Prevaleceu o combate ao “inimigo comum”, não identificado! Após a dura nota, mas nem tanto, de Barra Torres, Bolsonaro recua: ‘vacinação infantil não vai nos afastar’

Depois de acusar a Anvisa de ter algum interesse escuso na aprovação da vacina contra a Covid-19 para crianças de 5 a 11 anos, e ser cobrado pelo presidente da autarquia, Antonio Barra Torres, a mostrar provas de acusações, o presidente Jair Bolsonaro (PL) amenizou o tom e disse que o tema não é motivo…

Depois de acusar a Anvisa de ter algum interesse escuso na aprovação da vacina contra a Covid-19 para crianças de 5 a 11 anos, e ser cobrado pelo presidente da autarquia, Antonio Barra Torres, a mostrar provas de acusações, o presidente Jair Bolsonaro (PL) amenizou o tom e disse que o tema não é motivo para “intriga” ou “afastamento” entre eles e nem com a população brasileira.

Na carta, o presidente da Anvisa lembrou ao presidente Bolsonaro que eles “têm um inimigo comum a ser vencido”, sem dizer qual seria este inimigo, certamente não a Covid, menosprezada pelo presidente, deixando no ar essa pergunta sem resposta. Barra Torres, como se sabe, participou de protestos antidemocráticos com Bolsonaro, que pediam fechamento do STF e do Congresso.

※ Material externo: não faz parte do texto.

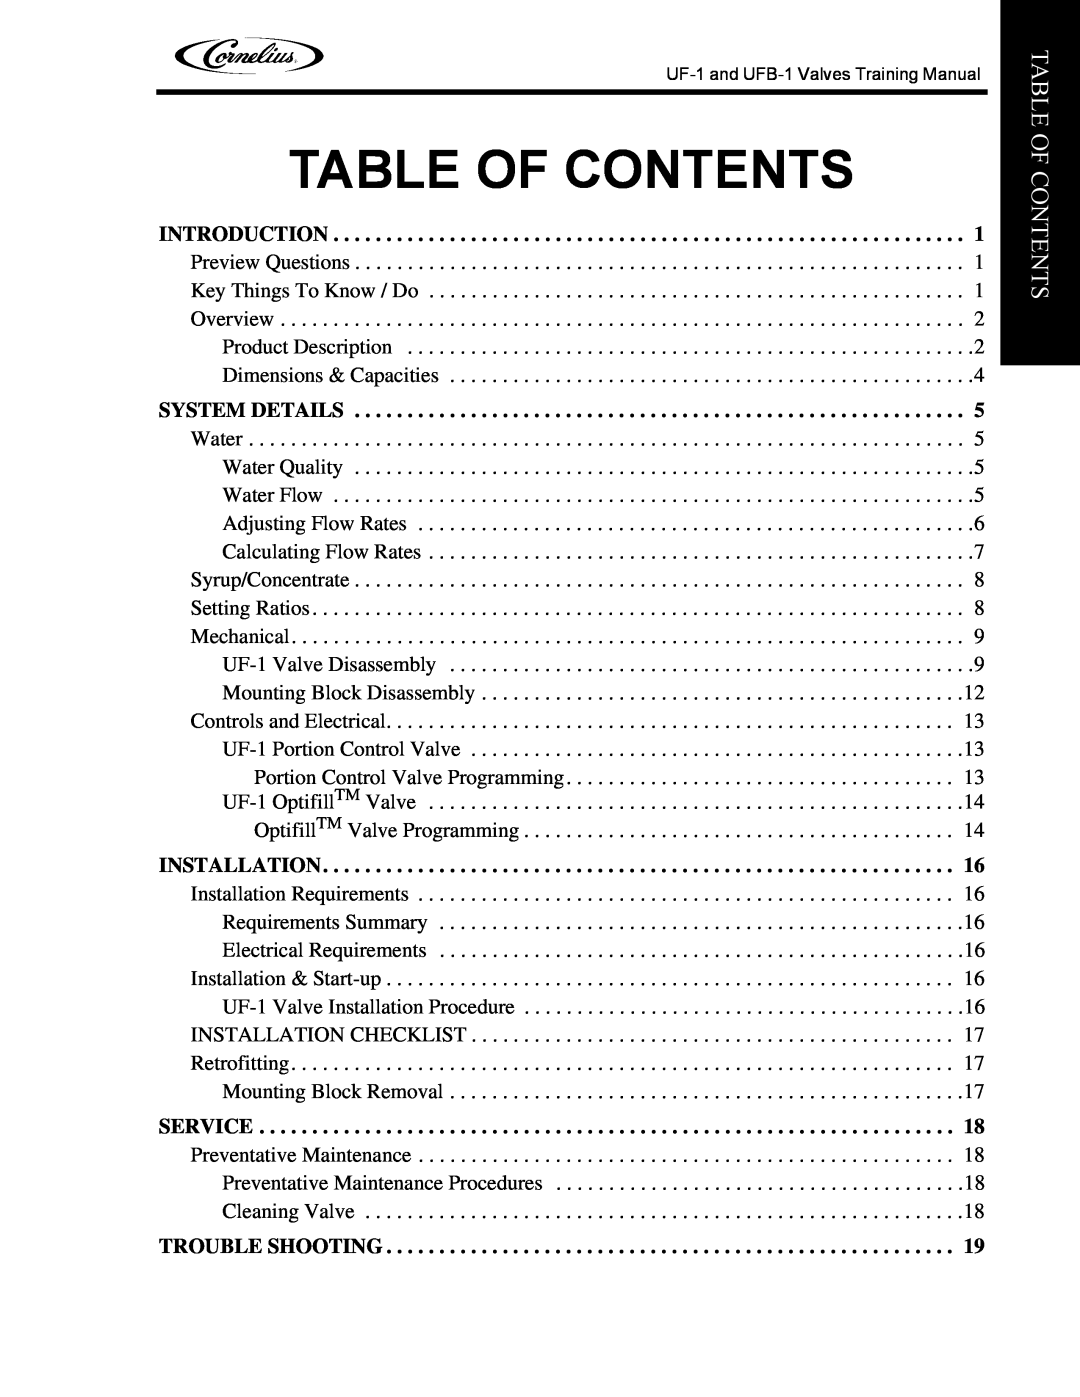 Cornelius UF-1, UFB-1 manual Table Of Contents 
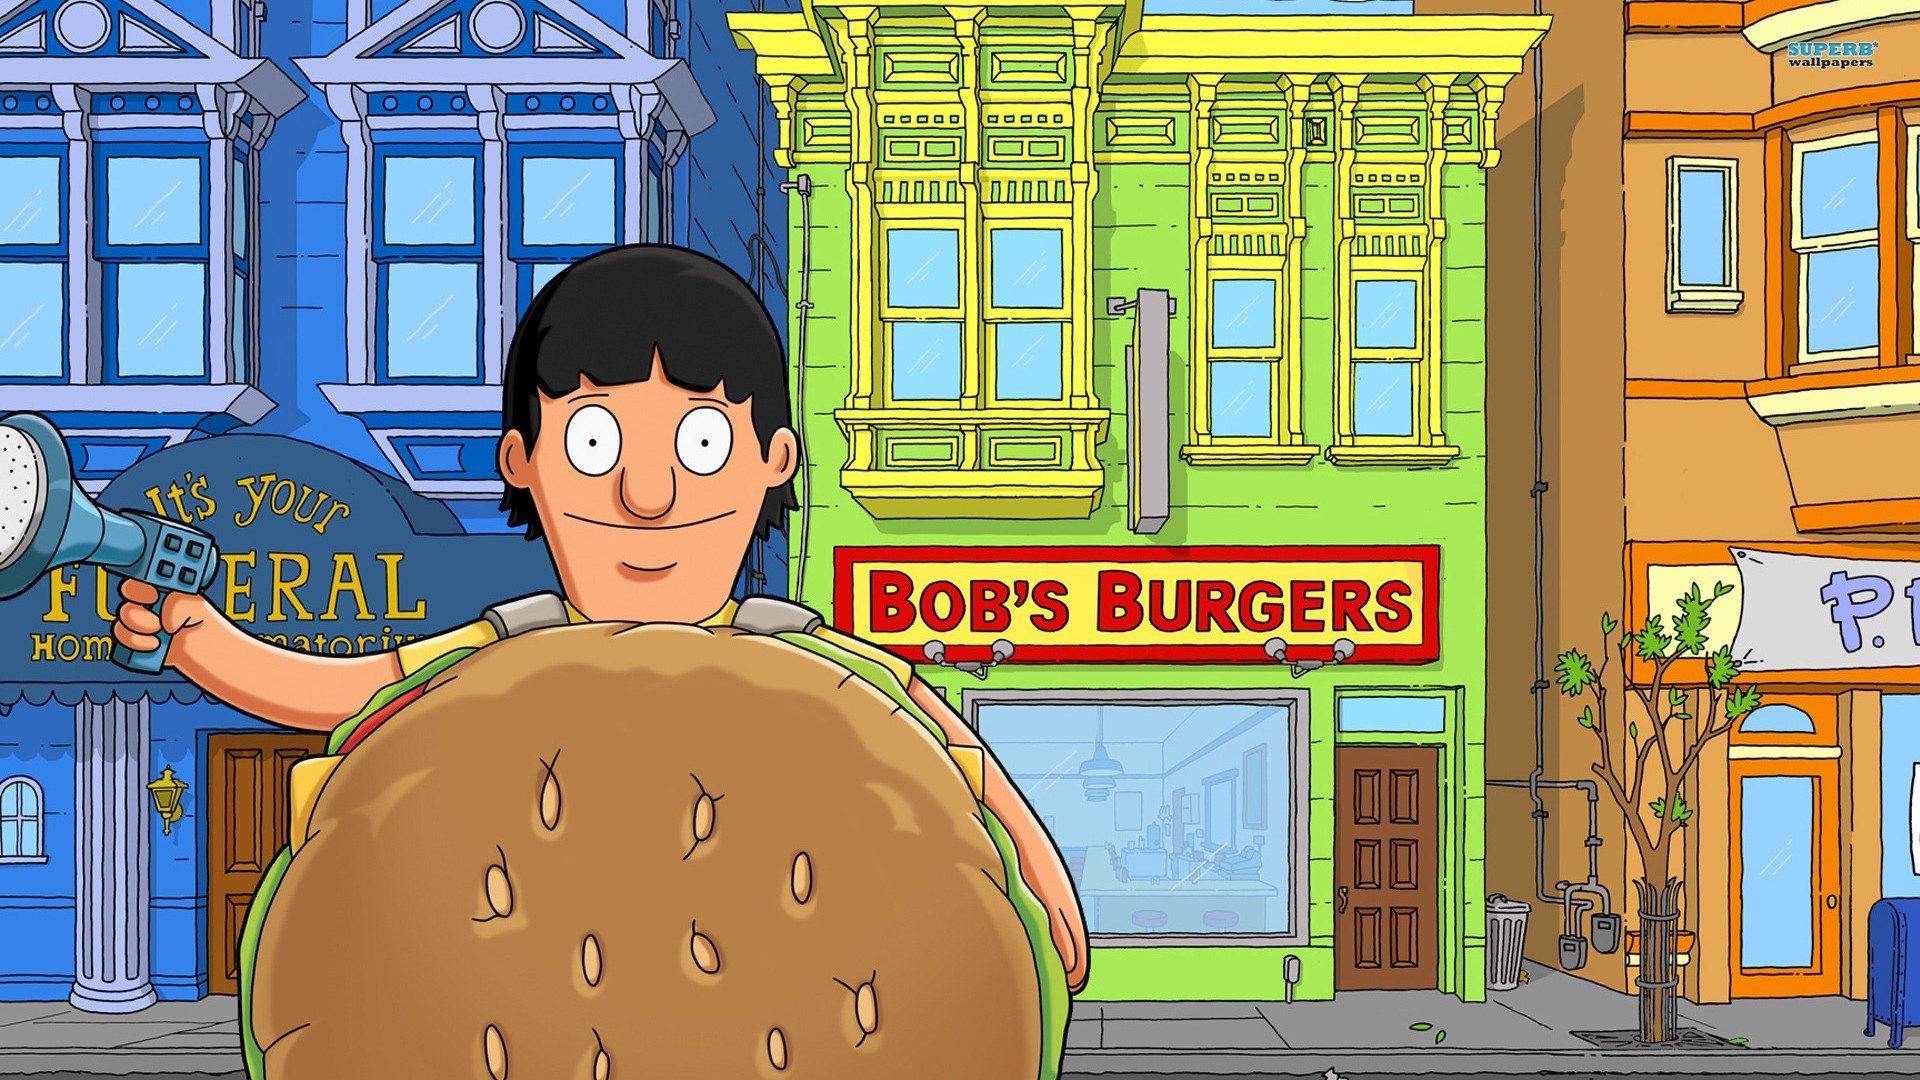 bobs burgers image for desktop background burgers category

A fala foi feita em entrevista à Rádio Sarandi 1310 AM, na manhã desta segunda-feira (10/1)

“O Brasil é de todos nós, para quem tomou vacina e quem não tomou. A vacina não é um ponto de intriga e de afastamento entre eu e a população brasileira. Fizemos a nossa parte e isso tá em voga ainda.

Muitas campanhas por aí nesse sentido. Temos agora o problema da vacinação de crianças de 5 a 11 anos de idade, onde já dei minha opinião, né. Eu não vou vacinar minha filha e se você quiser vacinar seu filho, é um direito teu”, disse o mandatário.

Citando um suposto estudo do Rio Grande do Sul, Bolsonaro voltou a colocar em dúvida a eficácia do imunizante e a dizer, sem provas, que os menores de idade não morreram nem morrem em razão do vírus.